● **Required action**: Set down every line of the data exactly, skipping the pictures.

● **Raw data**:
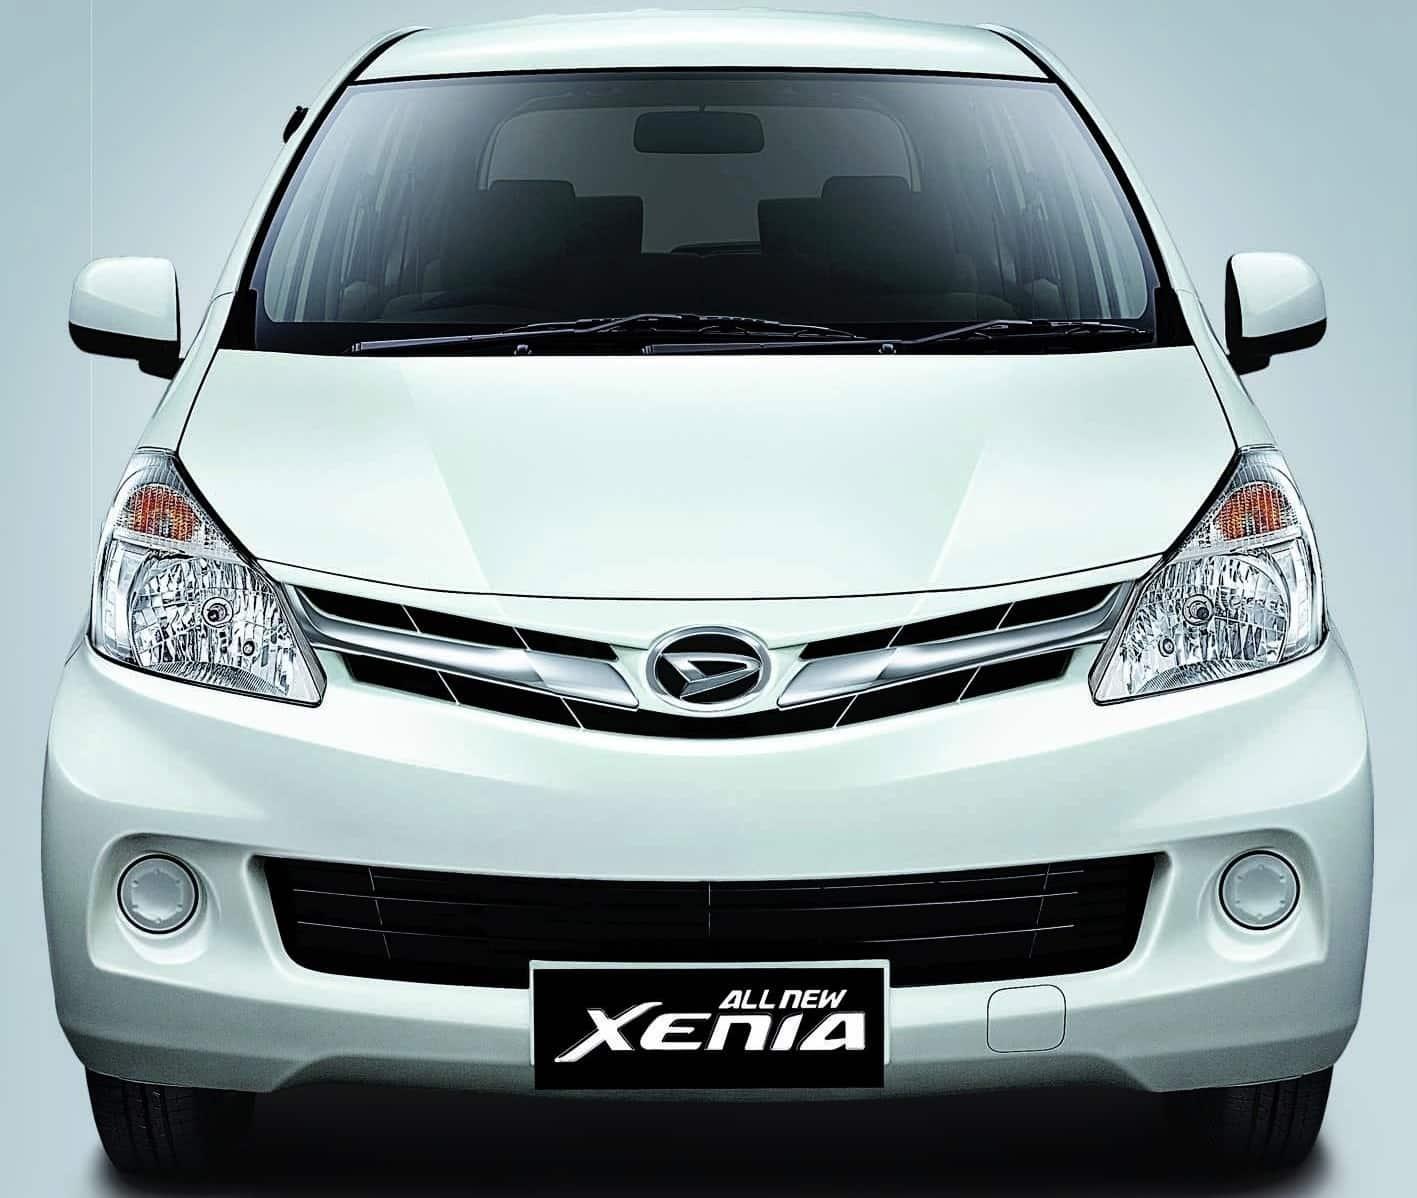 Sewa Mobil Xenia Jakarta
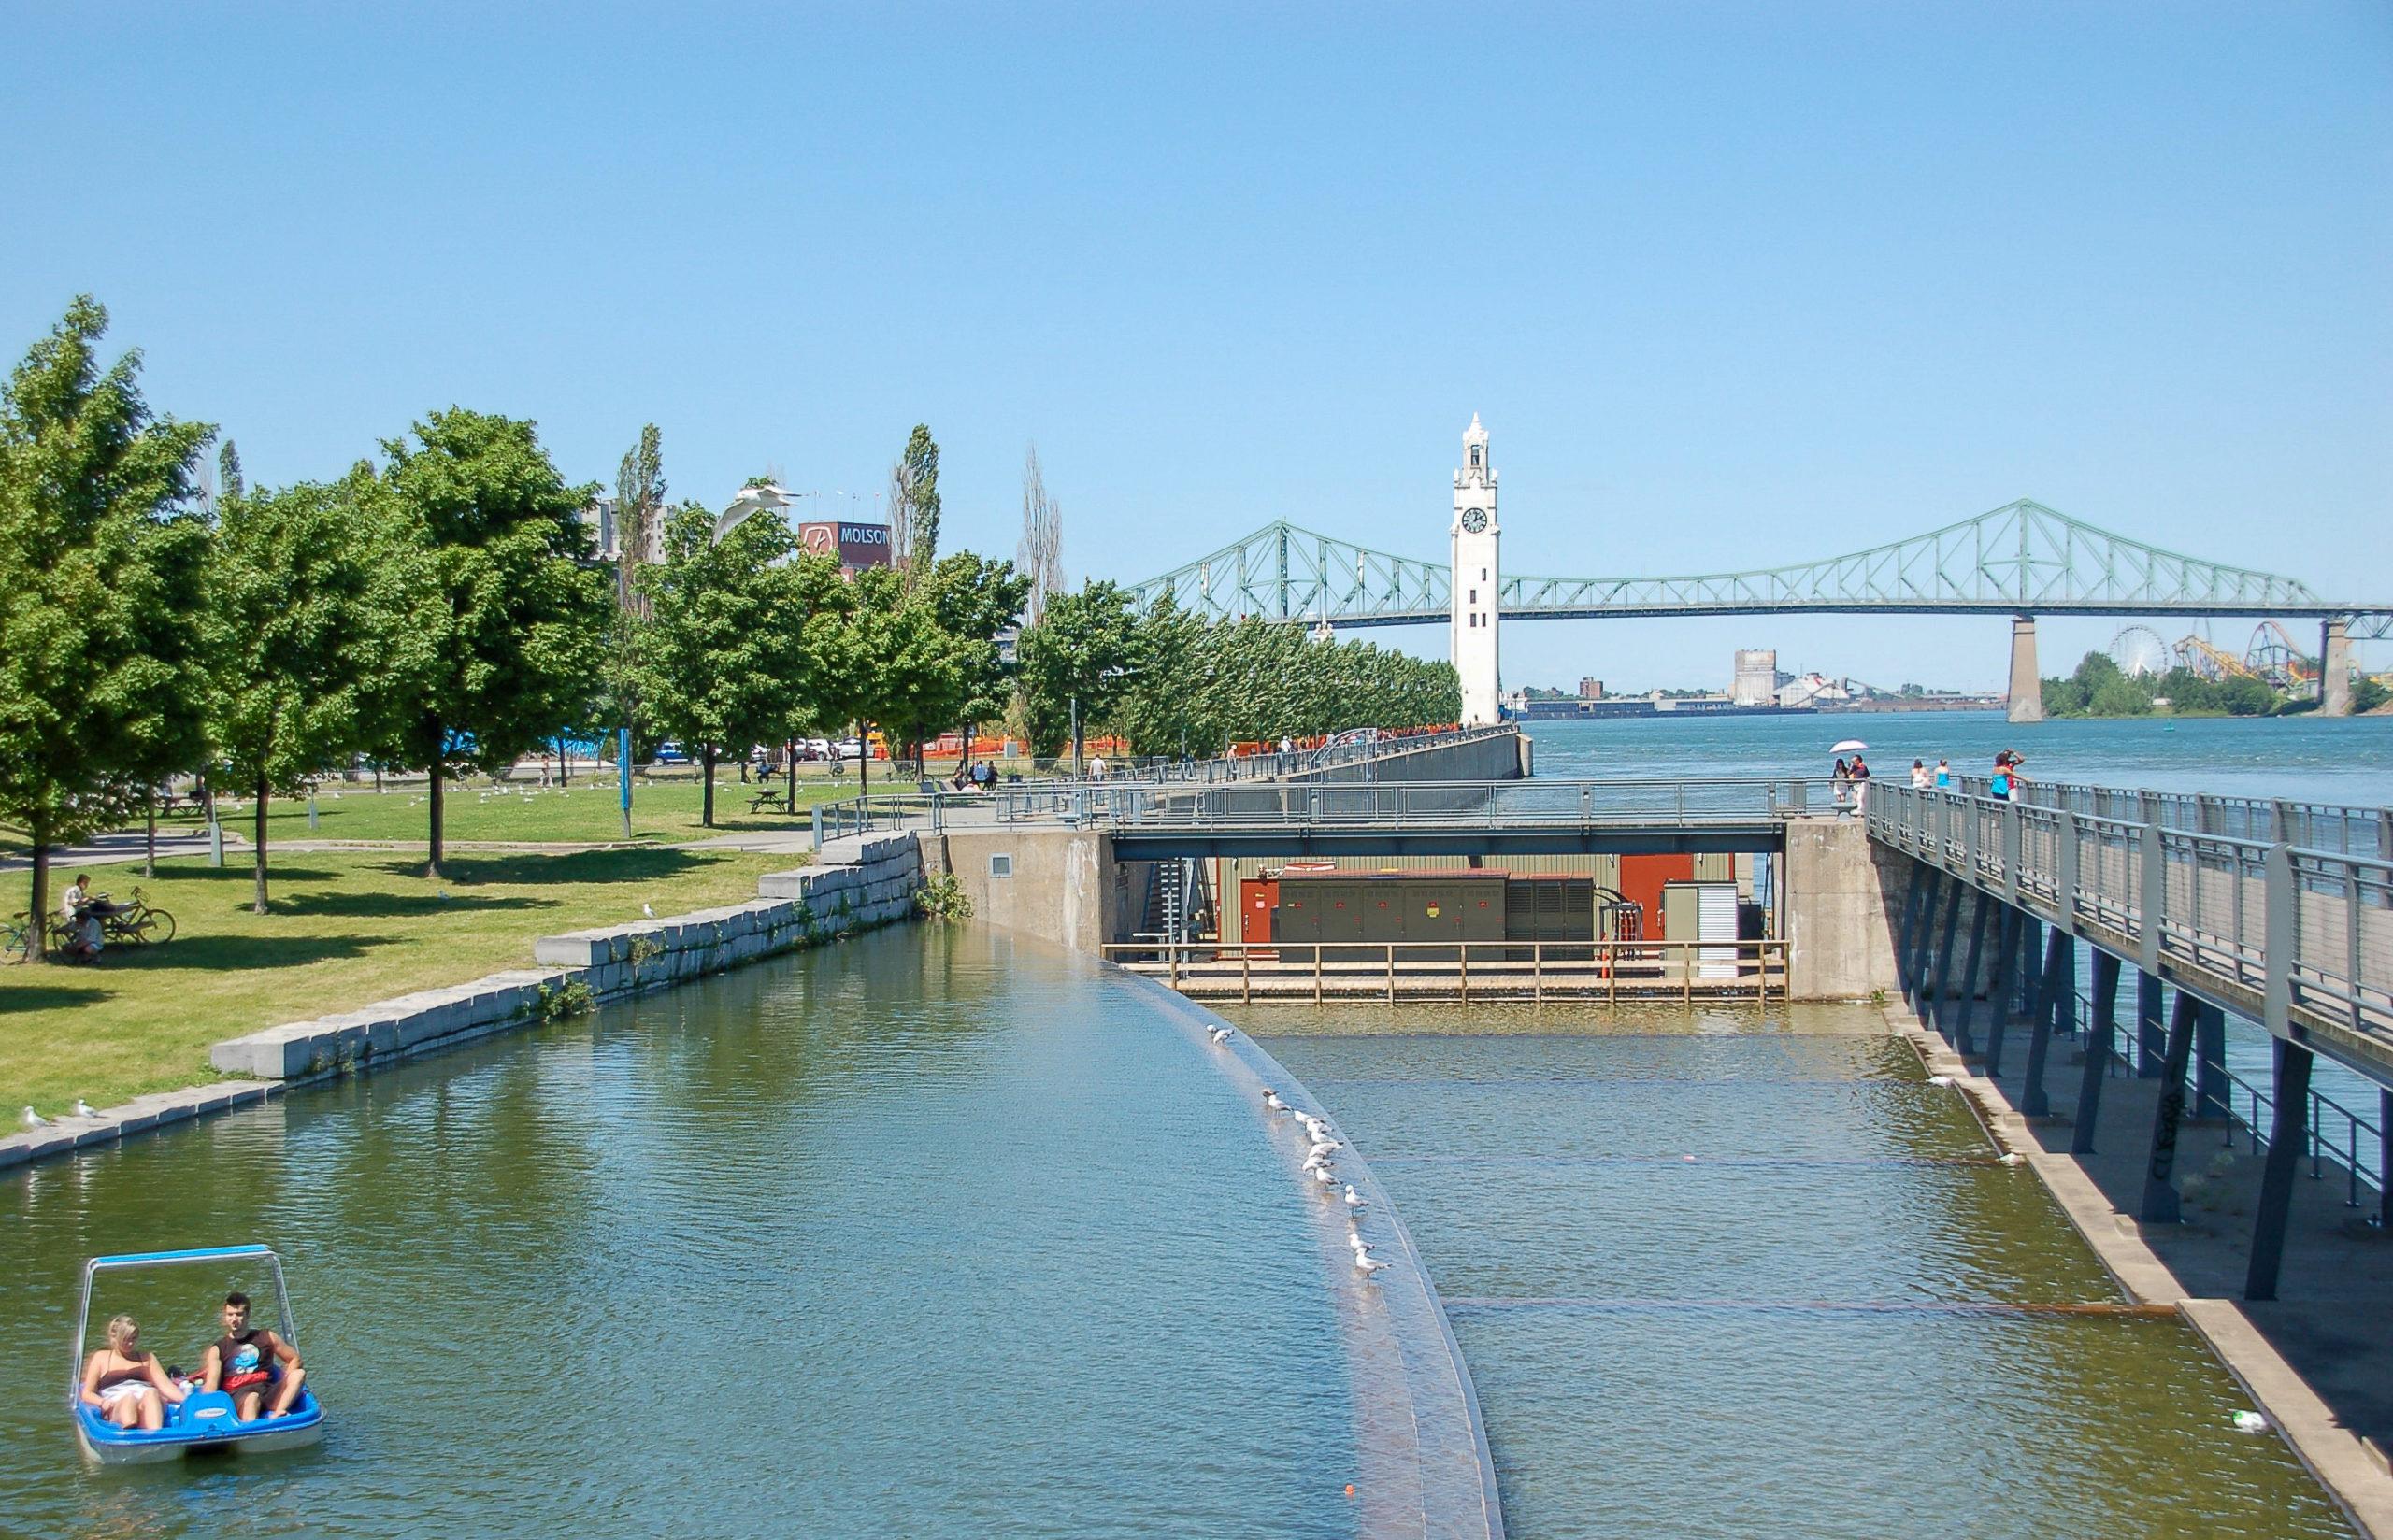 Tretboot auf Gewässer vor dem Sankt-Lorenz-Strom in Montreal
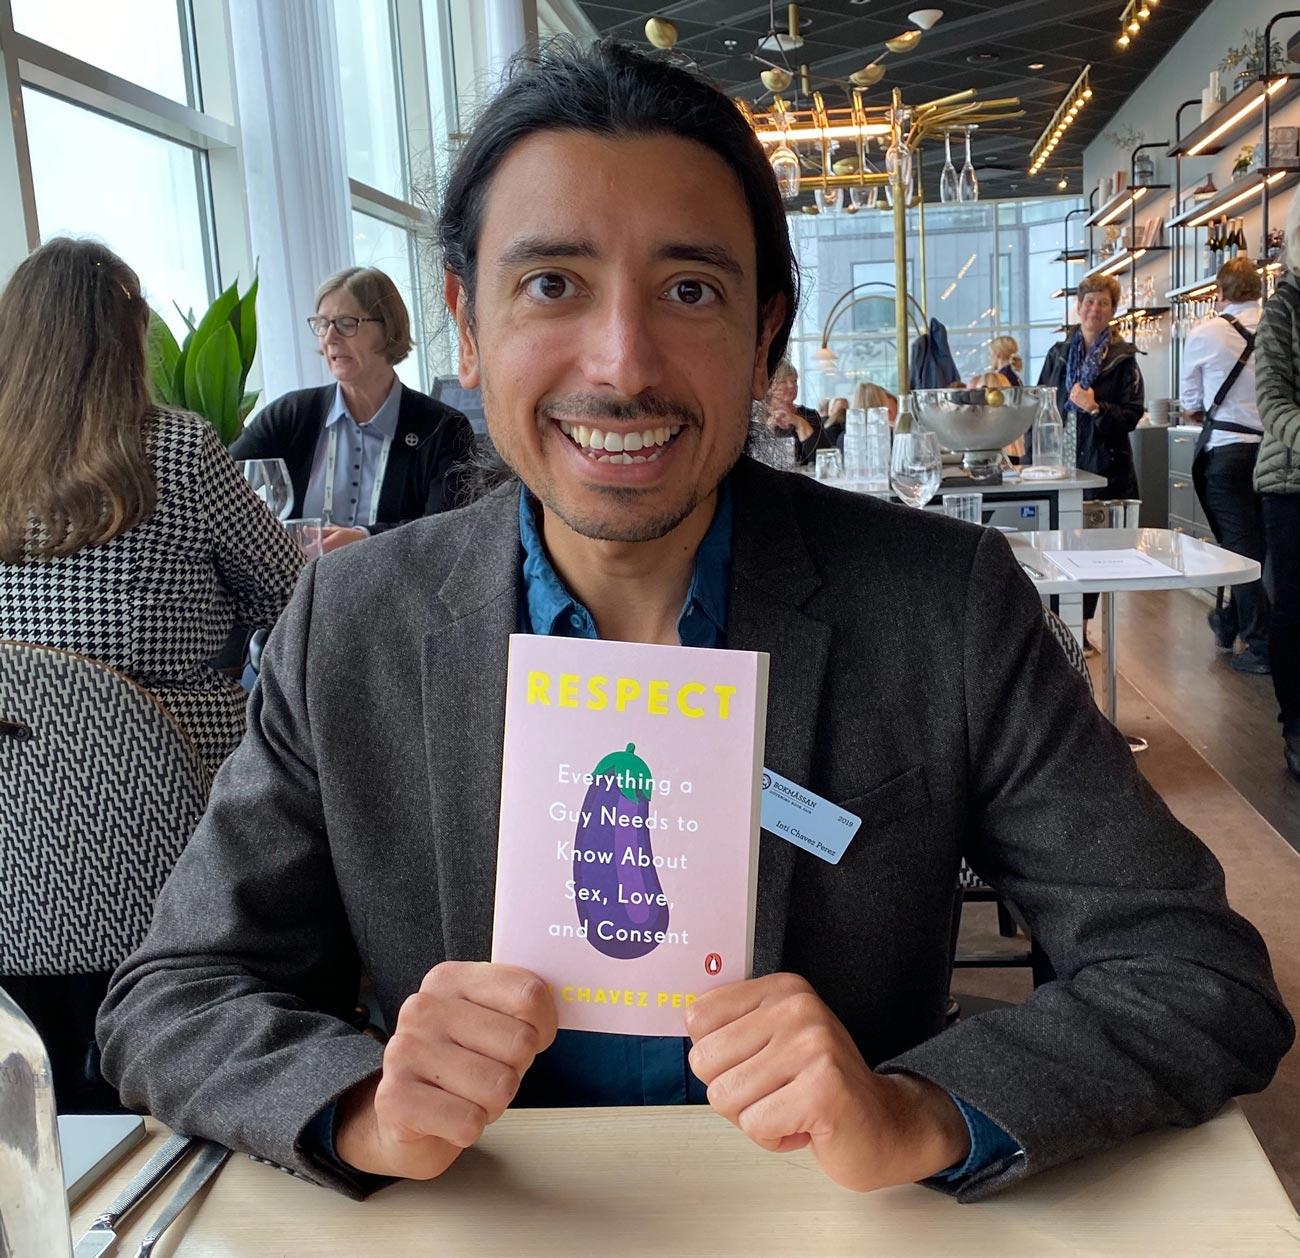 respect book author - <b>В Україні хочуть видати книжку про статеві стосунки для хлопчиків, але без розділу про одностатевий секс</b> - Заборона
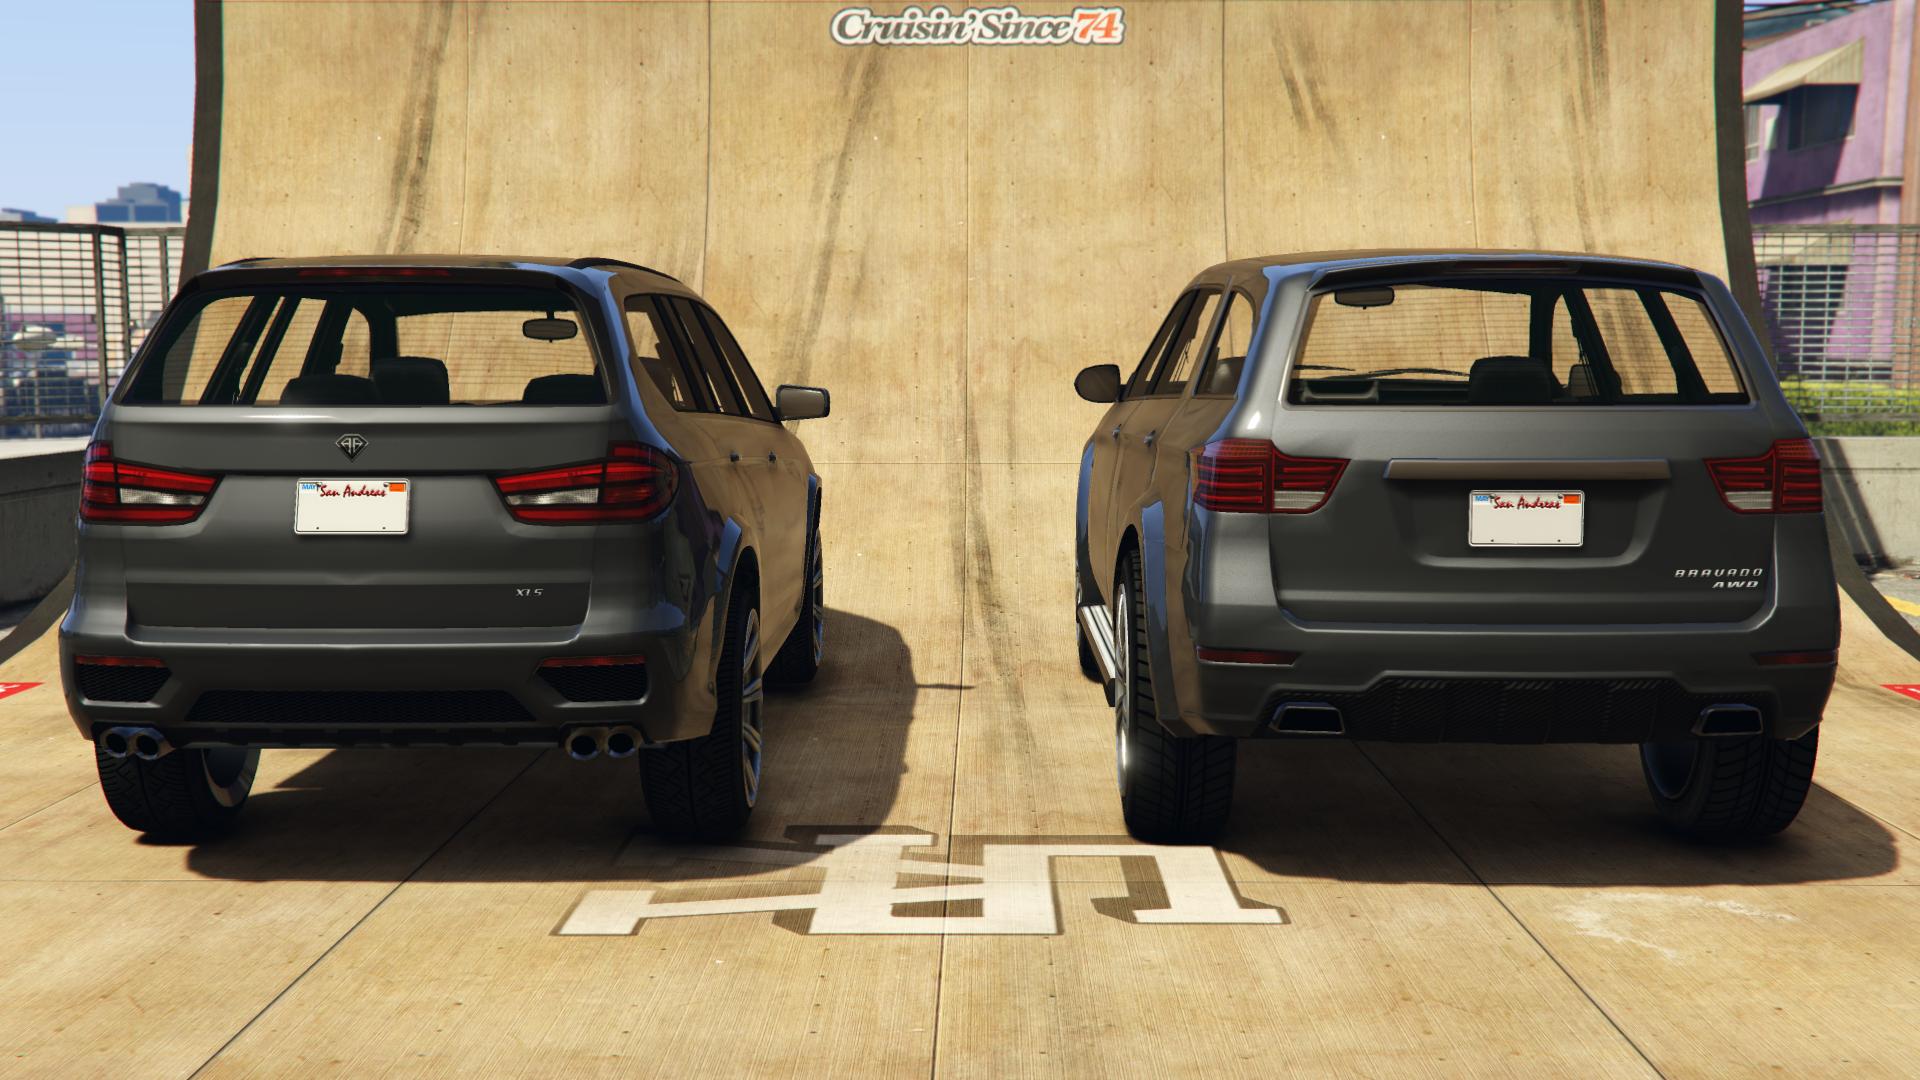 Bravado XLS - Bravado Gresley Comparaison GTA Online.png

● **Exercise solution**:
 Sewa Mobil Xenia Jakarta
 Tretboot auf Gewässer vor dem Sankt-Lorenz-Strom in Montreal
 respect book author - <b>В Україні хочуть видати книжку про статеві стосунки для хлопчиків, але без розділу про одностатевий секс</b> - Заборона
 Bravado XLS - Bravado Gresley Comparaison GTA Online.png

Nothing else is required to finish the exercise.